Using ClamAV, we scan every file for viruses after it is uploaded and before it can be downloaded. The file is deleted if a virus was found and a HTTP 404 is returned.

Still Google Safe Browsing keeps detecting malware on our site:

...the last time suspicious content was found on this site was on 2015-08-30...

(Which was yesterday as of writing).

While my logs show that viruses/malware are detected from time-to-time, I also see that these files are downloaded zero times and are being deleted automatically as expected.

I've read through "What tools does the Google safe browsing service rely on?" and the linked resources.

Still I'm not sure why I cannot get my site to be "Google Safe Browsing clean". Maybe:

  • the used virus scanner is not good enough and lets some viruses pass?
  • I'm doing fundamental mistakes due to my limited knowledge of security architecture?

My question:

Do you have any idea what to do in order to get a clean Google Safe Browsing track?
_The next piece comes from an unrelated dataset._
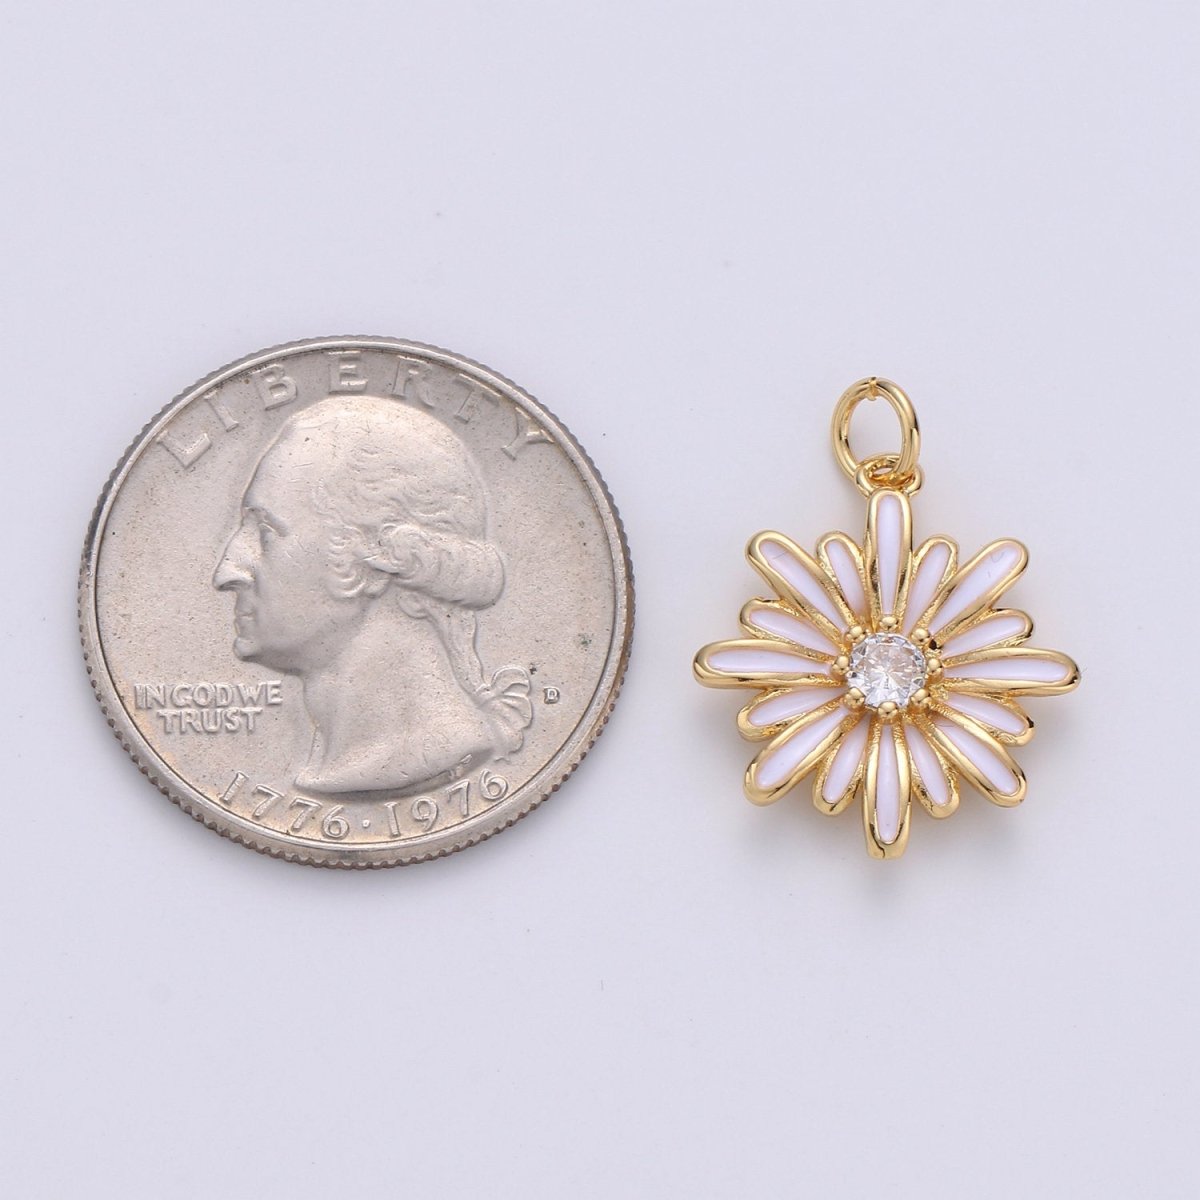 Dainty White daisy charm in Gold / Silver Plated for Jewelry Making Supply D-270 D-271 - DLUXCA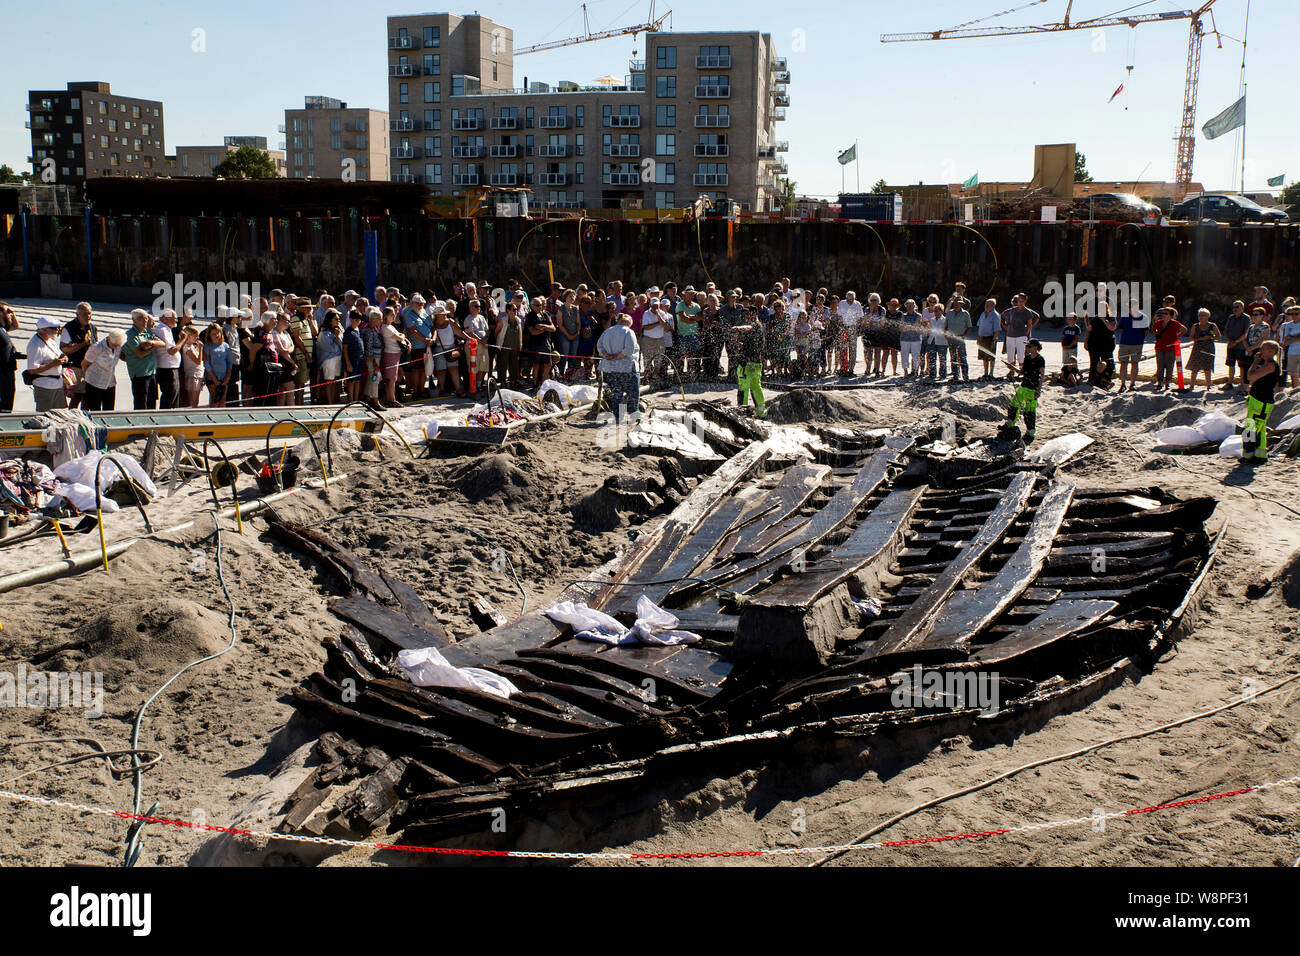 A  500 years old ship wreck found which is excavated at a building site is presented to the public near Koege, Denmark. For further information, se additional information. (Photo by Ole Jensen/Alamy) Stock Photo

(If this is possible at all, even Dropbox or Google itself are listed there)

Update 1:

As Schroeder says, there may be other content on our site, not the files. We also do provide Windows and Mac clients. These files are all scaned and detected as virus-free.

I'm confused…

Update 2: (2015-09-24)

I've installed "Sophos Server Security" on the server in question and see lots and lots of malicious uploads being deleted by Sophos now.

So the ClamAV detection rate seems to be a lot lower than the one of Sophos.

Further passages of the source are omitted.